YOLOv3 Custom Object Detection with Transfer Learning

Nitin Tiwari
7 min readDec 2, 2020

This article will help you to perform object detection for your own custom data by applying Transfer Learning using YOLOv3. So let’s begin.

Step 1: Prepare dataset.
a) Create a dataset of the object for which you want to perform its detection. You may scrape images from Google Images to download data or use any other source for your data.

b) Clean your dataset by removing unwanted/irrelevant images. Also, make sure all the images are of the format .jpg.

Once you are done with the above two steps, you’re good to go for the next step.

Step 2: Data Annotation.
We need a data annotation tool to label our images. Although there are plenty of annotation tools available, we will go ahead with LabelImg.

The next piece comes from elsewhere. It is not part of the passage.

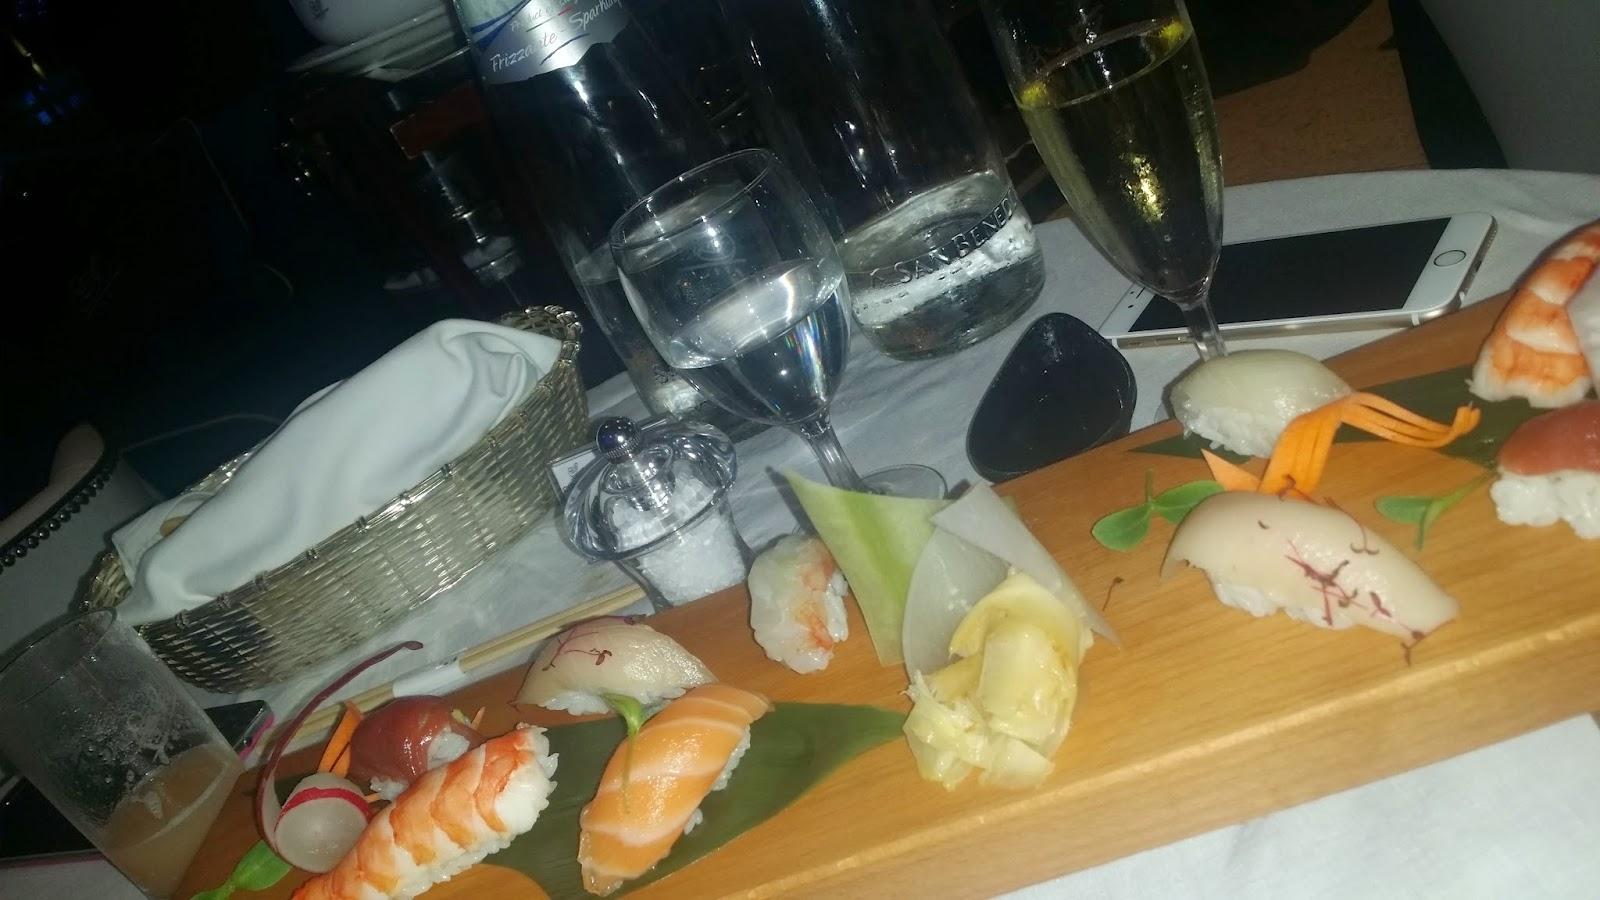 Sushi Platter from F1 menu at Cipriani Yas Island

a) Clone or download ZIP for LabelImg from the following GitHub repository:
git clone https://github.com/tzutalin/labelImg.git

b) Open LabelImg and configure the settings as shown in the figure below.

Fig-1: Configure LabelImg

c) You are now good to label your images.

Fig-2: Data Labelling

d) A classes.txt file is generated that includes the list of all classes you have annotated in your dataset. For every image file annotated, a corresponding .txt file is also generated that includes the metadata.

Fig-3: Files in directory
Fig-4: classes.txt
Fig-5: image1.txt (metadata)

The metadata includes the following –
object_id, center_x, center_y, width, height

object_id represents the number corresponding to the object category which we listed in ‘classes.txt’ earlier.

center_x and center_y represent the center point of the bounding box. But they are normalized to range between 0 and 1 by dividing by the width and height of the image.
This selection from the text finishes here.